An educational institution has asked you to teach a 10-week course (10x1hr) in resonance and articulation to a group of 16-22 acting students who have a good understanding of alignment and breathing. Provide the rationale (what and why) and an overview (how) of the course (3,500 words).
Resonance and articulation are produced at the last stages of vocal progression. The vibrations are produced by true vocal folds and are generated by resonating spaces within the throat, mouth and the nose. As a result, initial sound is reformed into vowels and consonants of language. The concept is similar to how string instruments such as violin and cello induce sound where the initial sound is amplified into various pitch and tone. The final music assembled from the instruments depends on the surface area of the instrument and the skills of the player.

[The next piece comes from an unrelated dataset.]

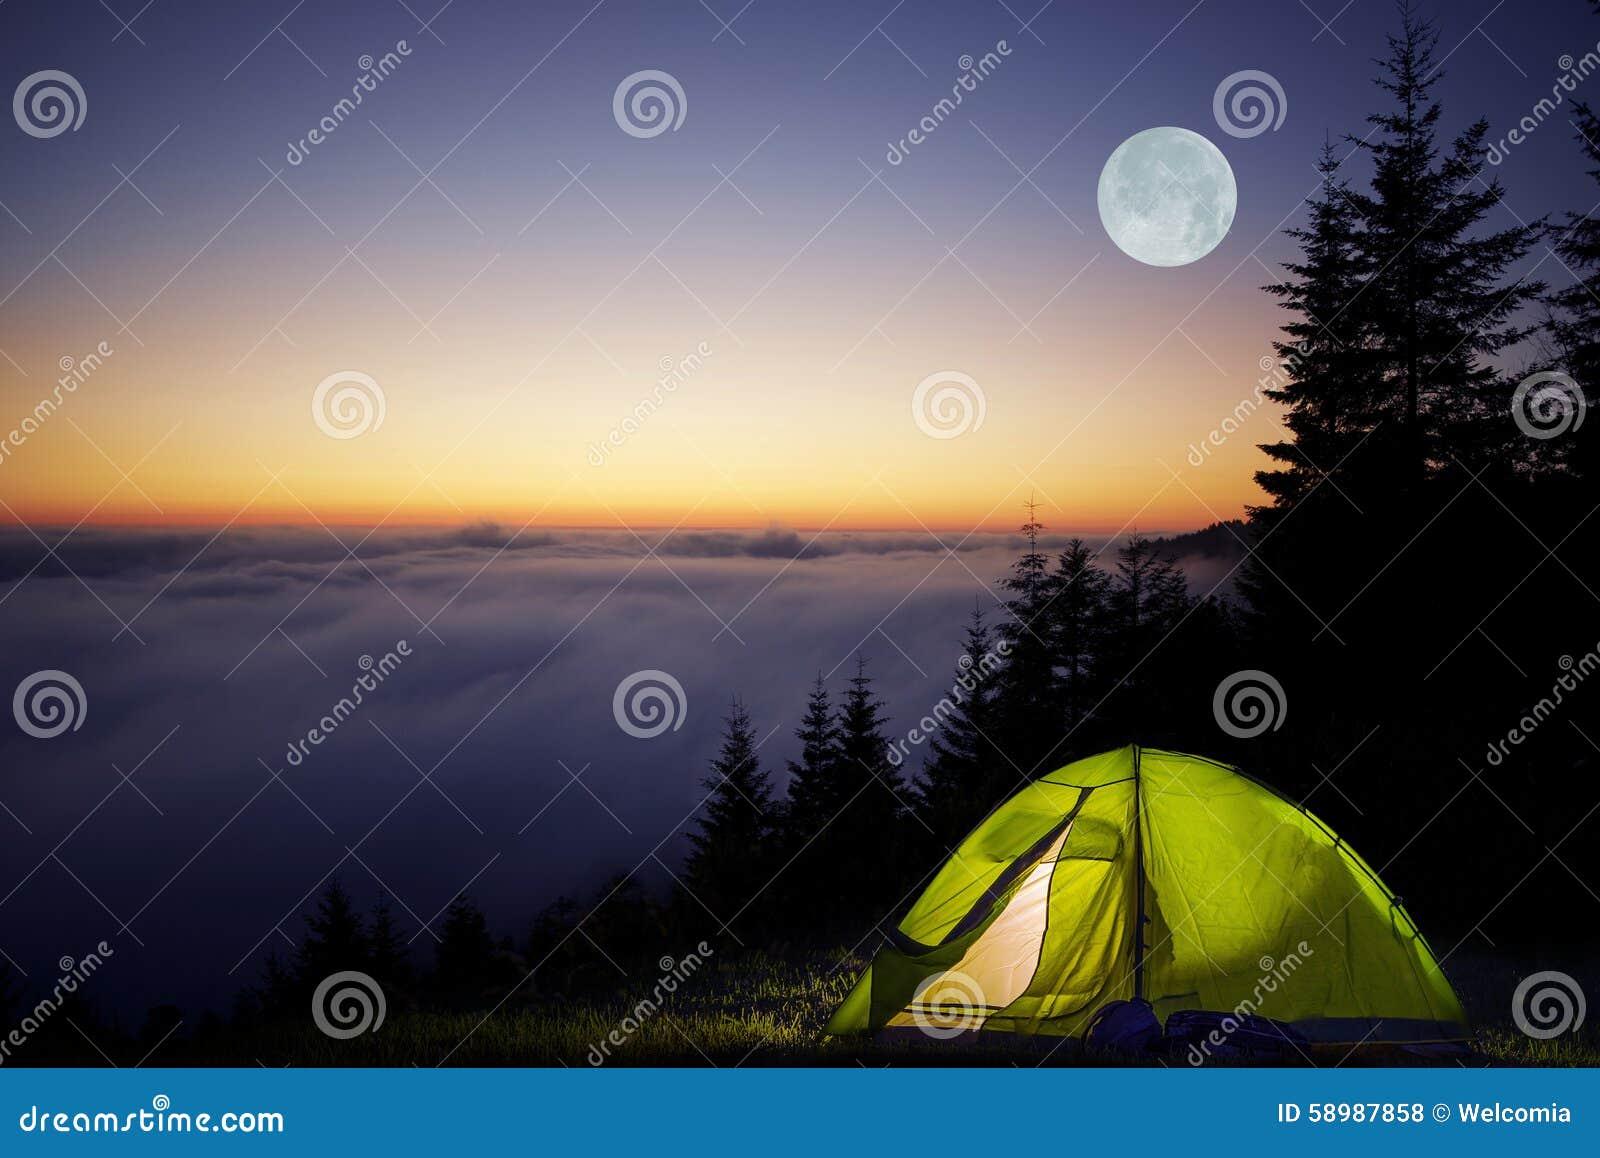 野营在森林里的帐篷

Just like in music, actors require strong articulation skills where their performances are dependent on the ability to 1) deliver the true and deep meaning of texts, 2) apply additional qualities such as emotion and feelings that ‘re-shape' the communication between the audience and the actors (Shewell 2010:203).
This essay will cover fundamental aspects of vocal resonance and articulation such as anatomy physiology and will critically discuss resonance and articulation. Additionally one possible approach will be suggested that may contribute to an effective strategy for training acting students.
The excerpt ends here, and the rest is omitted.